Вдруг она нагнулась. Сорвала какой-то злак. Ощутимо хлестнула меня по лицу. Коротко нервно захохотала и удалилась, приподняв юбку-макси с воланами.
Я присоединился к группе, направлявшейся в Тригорское.
Хранители усадьбы — супружеская чета — мне неожиданно понравились. Будучи женаты, они могли позволить себе такую роскошь, как добродушие. Полина Федоровна казалась властной, энергичной и немного самоуверенной. Коля выглядел смущенным увальнем и держался на заднем плане.
Тригорское лежало на отшибе. Начальство редко сюда заглядывало. Экспозиция была построена логично и красиво. Юный Пушкин, милые влюбленные барышни, атмосфера изящного летнего флирта...
Я обошел парк. Затем спустился к реке. В ней зеленели опрокинутые деревья. Проплывали легкие облака.
Я захотел выкупаться, но тут подошел рейсовый автобус.
Я отправился в Святогорский монастырь. Старухи торговали цветами у ворот. Я купил несколько тюльпанов и поднялся к могиле. У ограды фотографировались туристы. Их улыбающиеся лица показались мне отвратительными. Рядом устроились двое неудачников с мольбертами.
Я положил цветы и ушел. Надо было посмотреть экспозицию Успенского собора. В прохладных каменных нишах звучало эхо. Под сводами дремали голуби. Храм был реален, приземист и грациозен. В углу центрального зала тускло поблескивал разбитый колокол. Один из туристов звонко стучал по нему ключом...

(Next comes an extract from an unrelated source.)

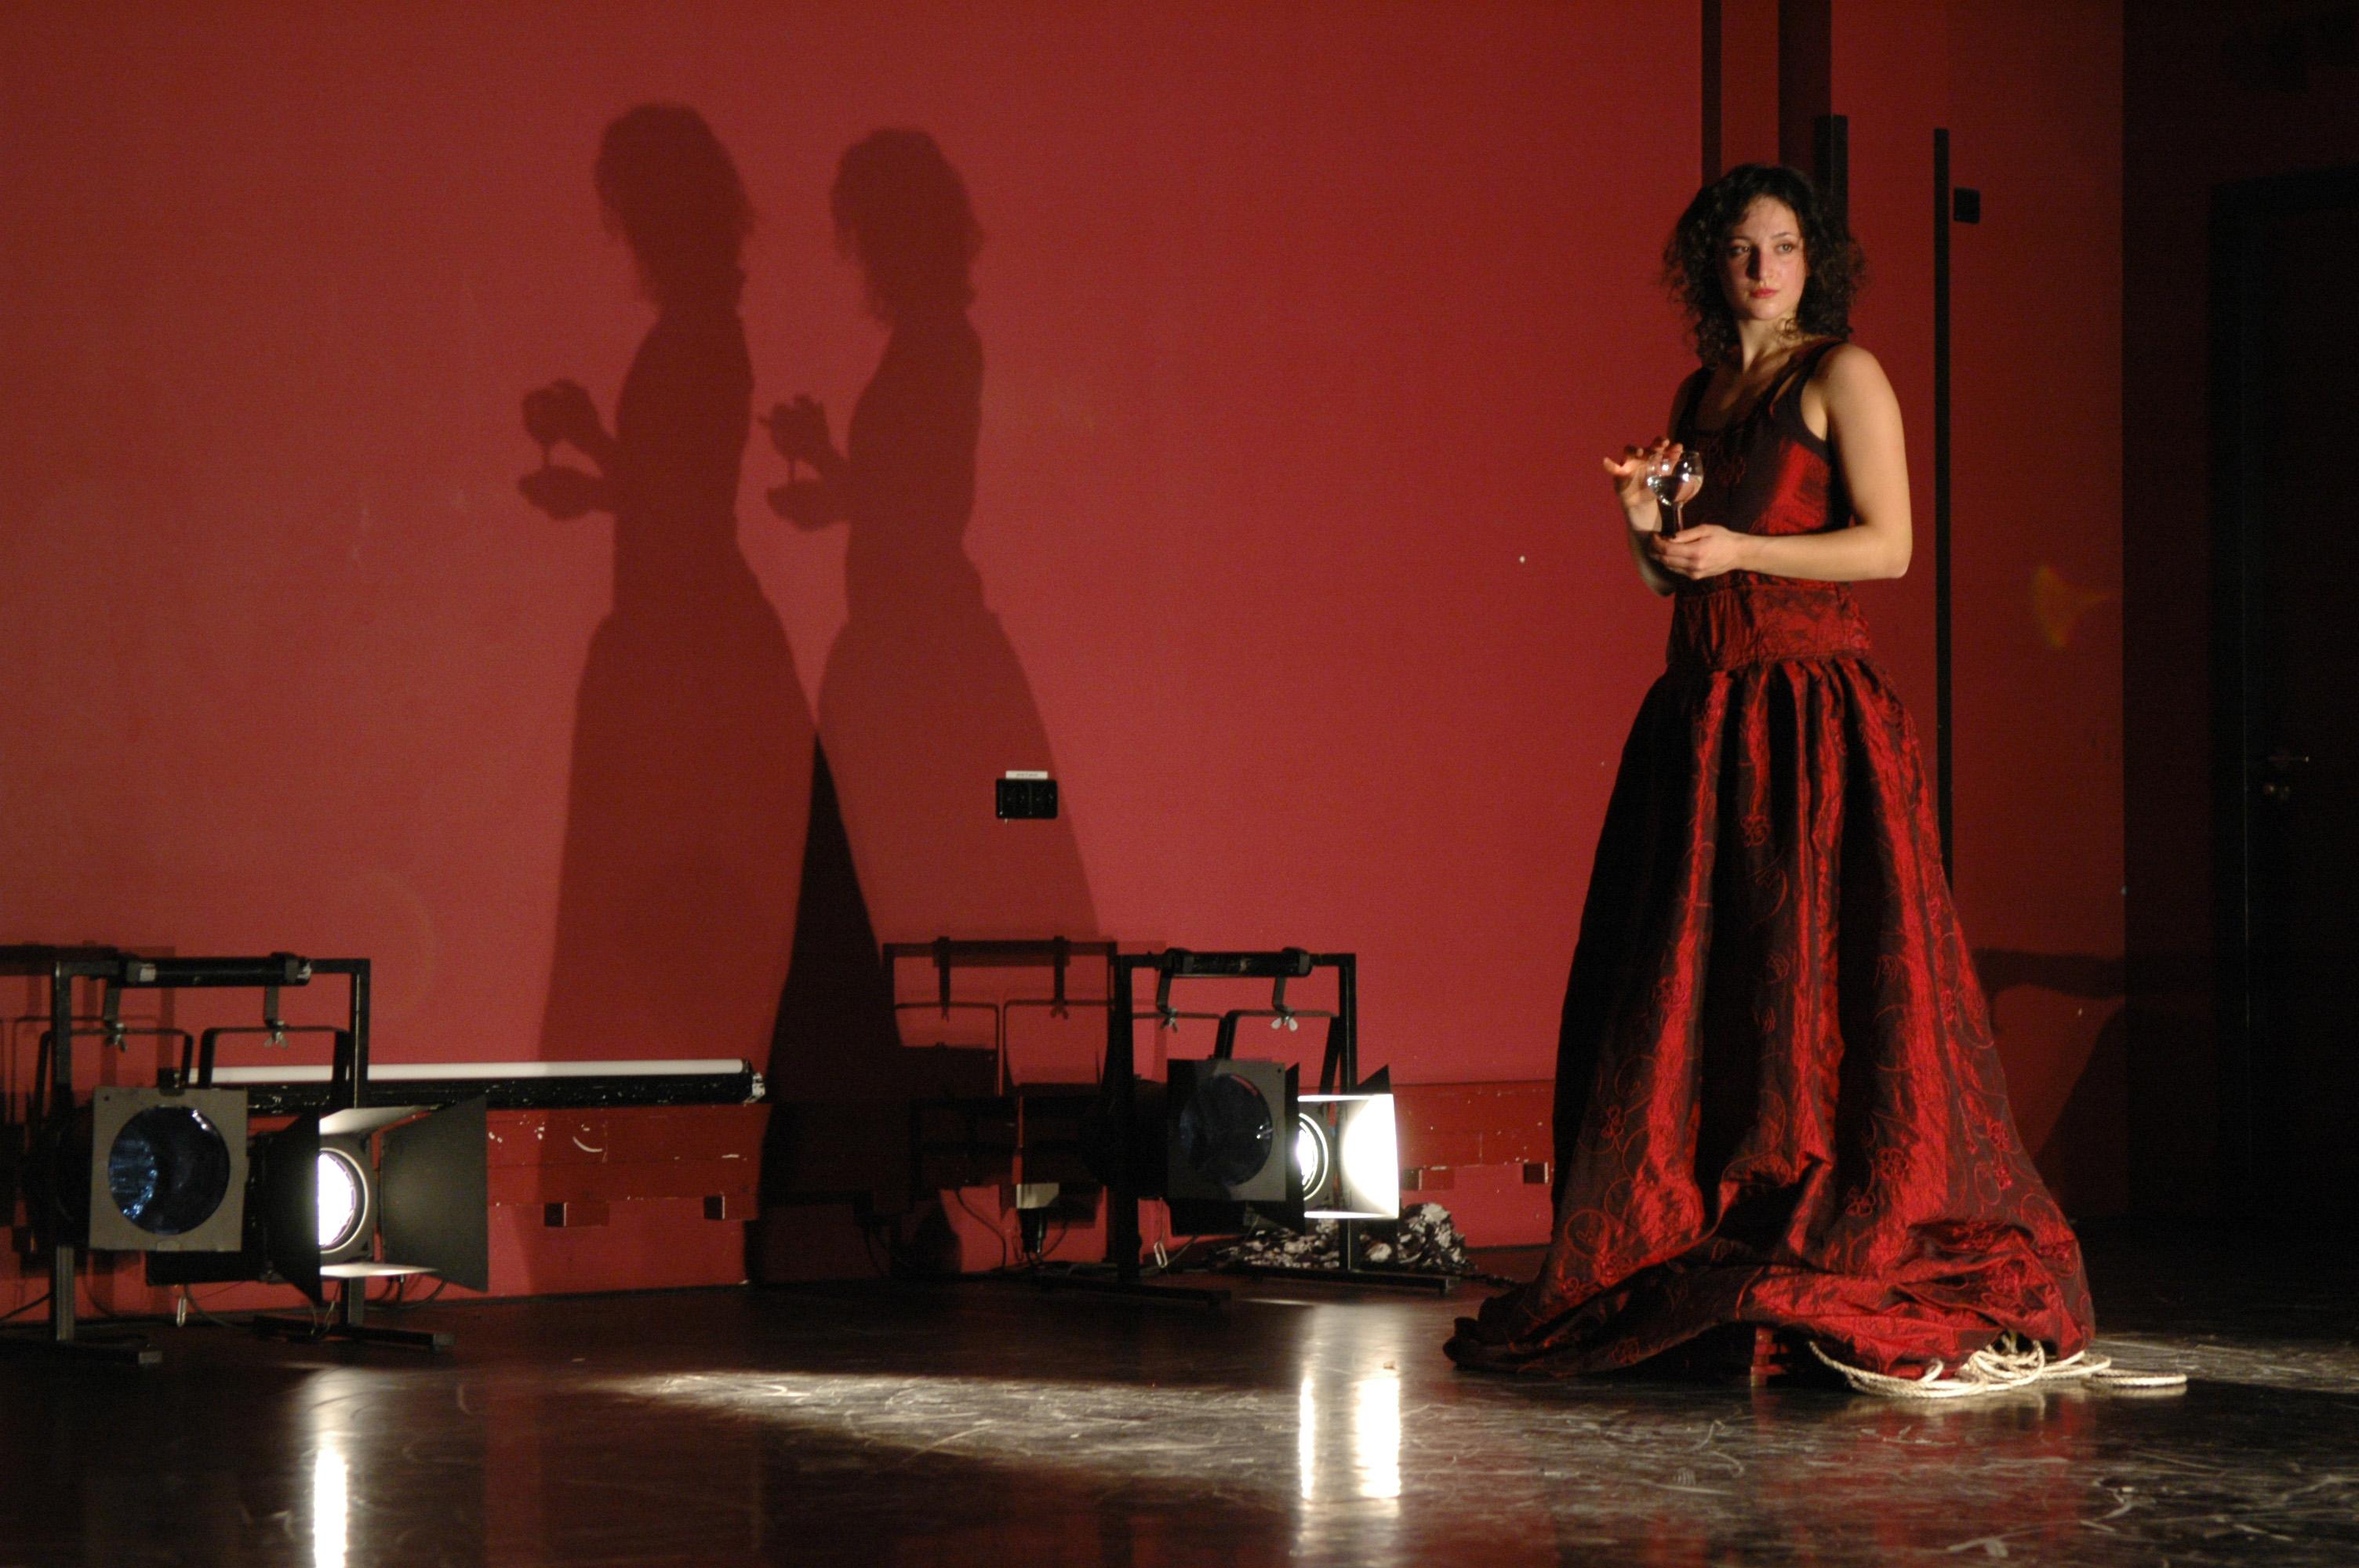 valeria bergamini danza contemporanea bologna spaziobologna corsi lezioni

В южном приделе я увидел знаменитый рисунок Бруни. Здесь же белела посмертная маска. Две громадные картины
воспроизводили тайный увоз и похороны. Александр Тургенев был похож на даму...Подошла группа туристов. Я направился к выходу. Вслед доносилось:
— История культуры не знает события, равного по трагизму... Самодержавие рукой великосветского шкоды...
Итак, я поселился у Михал Иваныча. Пил он беспрерывно. До изумления, паралича и бреда. Причем бредил он исключительно матом. А матерился с тем же чувством, с каким пожилые интеллигентные люди вполголоса напевают. То есть для себя, без расчета на одобрение или протест.
Трезвым я его видел дважды. В эти парадоксальные дни Михал Иваныч запускал одновременно радио и телевизор. Ложился в брюках, доставал коробку из-под торта «Сказка». И начинал читать открытки, полученные за всю жизнь. Читал и комментировал:
«...Здравствуй, папа крестный!.. Ну, здравствуй, здравствуй, выблядок овечий!.. Желаю тебе успехов в работе... Успехов желает, едри твою мать... Остаюсь вечно твой Радик... Вечно твой, вечно твой... Да на хрен ты мне сдался?..»
В деревне Михал Иваныча не любили, завидовали ему. Мол, и я бы запил! Ух, как запил бы, люди добрые! Уж как я запил бы, в гробину мать!.. Так ведь хозяйство... А ему что... Хозяйства у Михал Иваныча не было. Две худые собаки, которые порой надолго исчезали. Тощая яблоня и грядка зеленого лука...
Как-то дождливым вечером мы с ним разговорились:
— Миша, ты любил свою жену?
— Кому?! Жену-то? Бабу, в смысле? Лизку, значит? — всполошился Михал Иваныч.
— Лизу. Елизавету Прохоровну.
— А чего ее любить? Хвать за это дело и поехал...
— Что же тебя в ней привлекало?
Михал Иваныч надолго задумался.
— Спала аккуратно, — выговорил он, — тихо, как гусеница...
Молоко я брал в соседнем доме у Никитиных. Те жили солидно. Телевизор, «Незнакомка» Крамского... С пяти утра хозяин занимался делами. Чинил забор, копался в огороде. Как-то вижу — телка за ноги подвешена. Хозяин шкуру снимает. А нож белый-белый, в крови...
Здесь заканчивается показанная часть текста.